Investments, which are readily realizable and intended to be held for not more than one year from the date on which such investments are made, are
classified as current investments. All other investments are classified as long term investments. On initial recognition, all investments are measured
at cost. The cost comprises purchase price and directly attributable acquisition charges such as brokerage, fees and duties. Current investments are
carried in the financial statements at lower of cost and fair value determined on an individual investment basis. Long term investments are carried at
cost. However, provision for diminution in values is made to recognize a decline other than temporary in the value of the investments. On disposal of
an investment, the difference between its carrying amount and net disposal proceeds is charged or credited to the statement of profit and loss.

2.9 Borrowig Cost

Borrowing cost includes interest. Such costs directly attributable to the acquisition, construction or production of an asset that necessarily takes a
substantial period of time to get ready for its intended use or sale are capitalized as part of the cost of the respective asset. All other borrowing costs
are expensed in the period they occur.

3.0 Earnings per share

Basic earnings per share is computed by dividing the profit / (loss) after tax (including the post tax effect of extraordinary items, if any) by the weighted

3.1 Taxes on income

Current tax is the amount of tax payable on the taxable income for the year as determined in accordance with the provisions of the Income Tax Act,
1961.

Deferred tax is recognised on timing differences, being the differences between the taxable income and the accounting income that originate in one
period and are capable of reversal in one or more subsequent periods. Deferred tax is measured using the tax rates and the tax laws enacted or
substantially enacted as at the reporting date. Deferred tax liabilities are recognised for all timing differences. Deferred tax assets in respect of
unabsorbed depreciation and carry forward of losses are recognised only if there is virtual certainty that there will be sufficient future taxable income
available to realise such assets. Deferred tax assets are recognised for timing differences of other items only to the extent that reasonable certainty
exists that sufficient future taxable income will be available against which these can be realised. Deferred tax assets and liabilities are offset if such
items relate to taxes on income levied by the same governing tax laws and the Company has a legally enforceable right for such set off. Deferred tax
assets are reviewed at each Balance Sheet date for their realisability.
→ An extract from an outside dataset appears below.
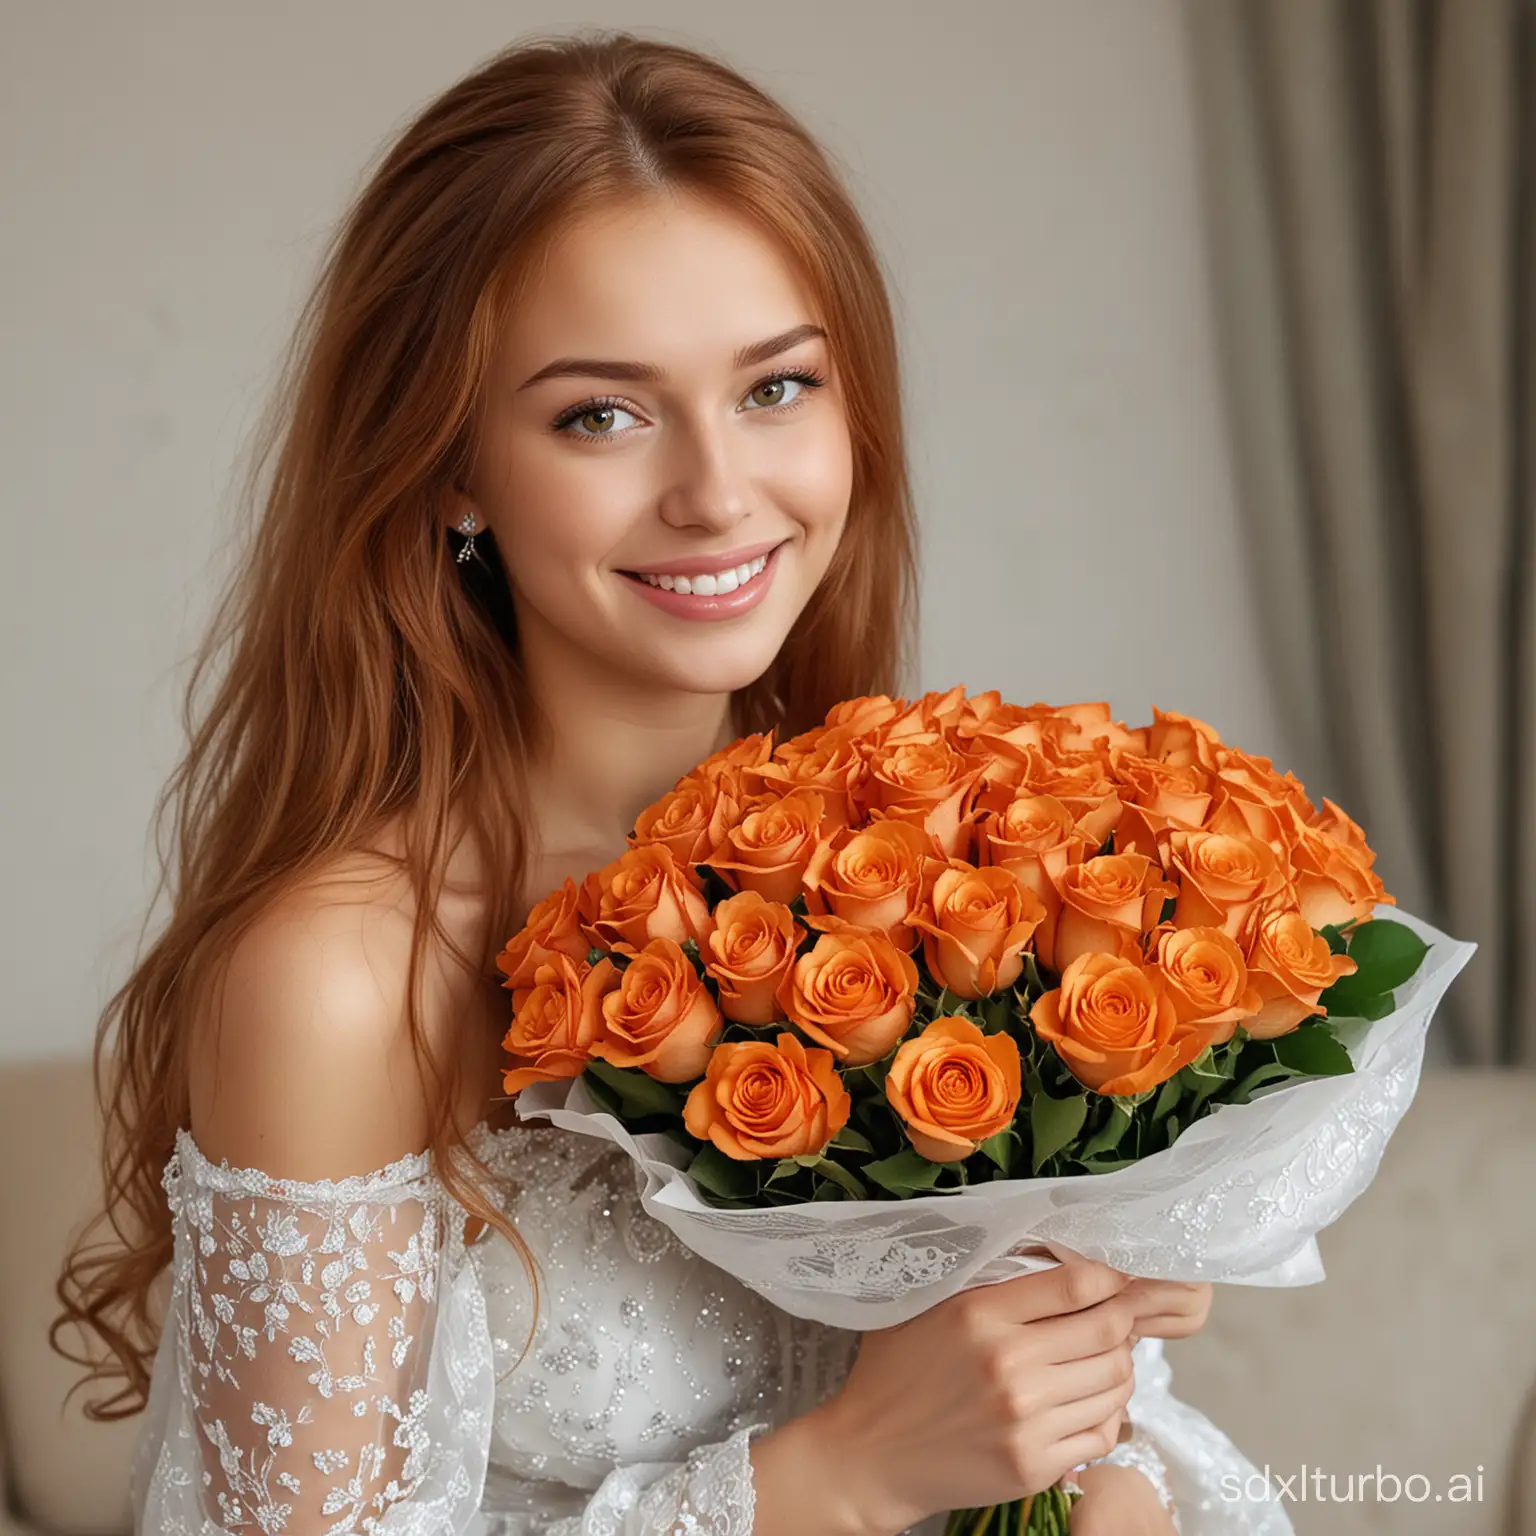 Graceful-Russian-Girl-in-Elegant-Evening-Gown-with-Bouquet-of-101-Orange-Roses

Minimum Alternate Tax (MAT) paid in a year is charged to the Statement of Profit and Loss as current tax. The company recognizes MAT credit
available as an asset only to the extent there is convincing evidence that the company will pay normal income tax during the specified period, i.e., the
period for which MAT Credit is allowed to be carried forward. In the year in which the Company recognizes MAT Credit as an asset in accordance
with the Guidance Note on Accounting for Credit Available in respect of Minimum Alternate Tax under the Income Tax Act, 1961,
the said asset is created by way of credit to the statement of Profit and Loss and shown as "MAT Credit Entitlement." The
Company reviews the "MAT Credit Entitlement" asset at each reporting date and writes down the asset to the extent the
company does not have convincing evidence that it will pay normal tax during the sufficient period.

3.2 Impairment of assets

An impairment loss is recognized wherever the carrying amount of fixed assets exceeds the recoverable amount i.e. the higher of the assets' net
selling price and value in use. After impairment, depreciation is provided on the revised carrying amount of the assets over its remaining useful life. A
previously recognized impairment loss is increased or reversed depending on changes in circumstances. However, the carrying value after reversal
is not increased beyond the carrying value that would have prevailed by charging usual depreciation if there was no impairment.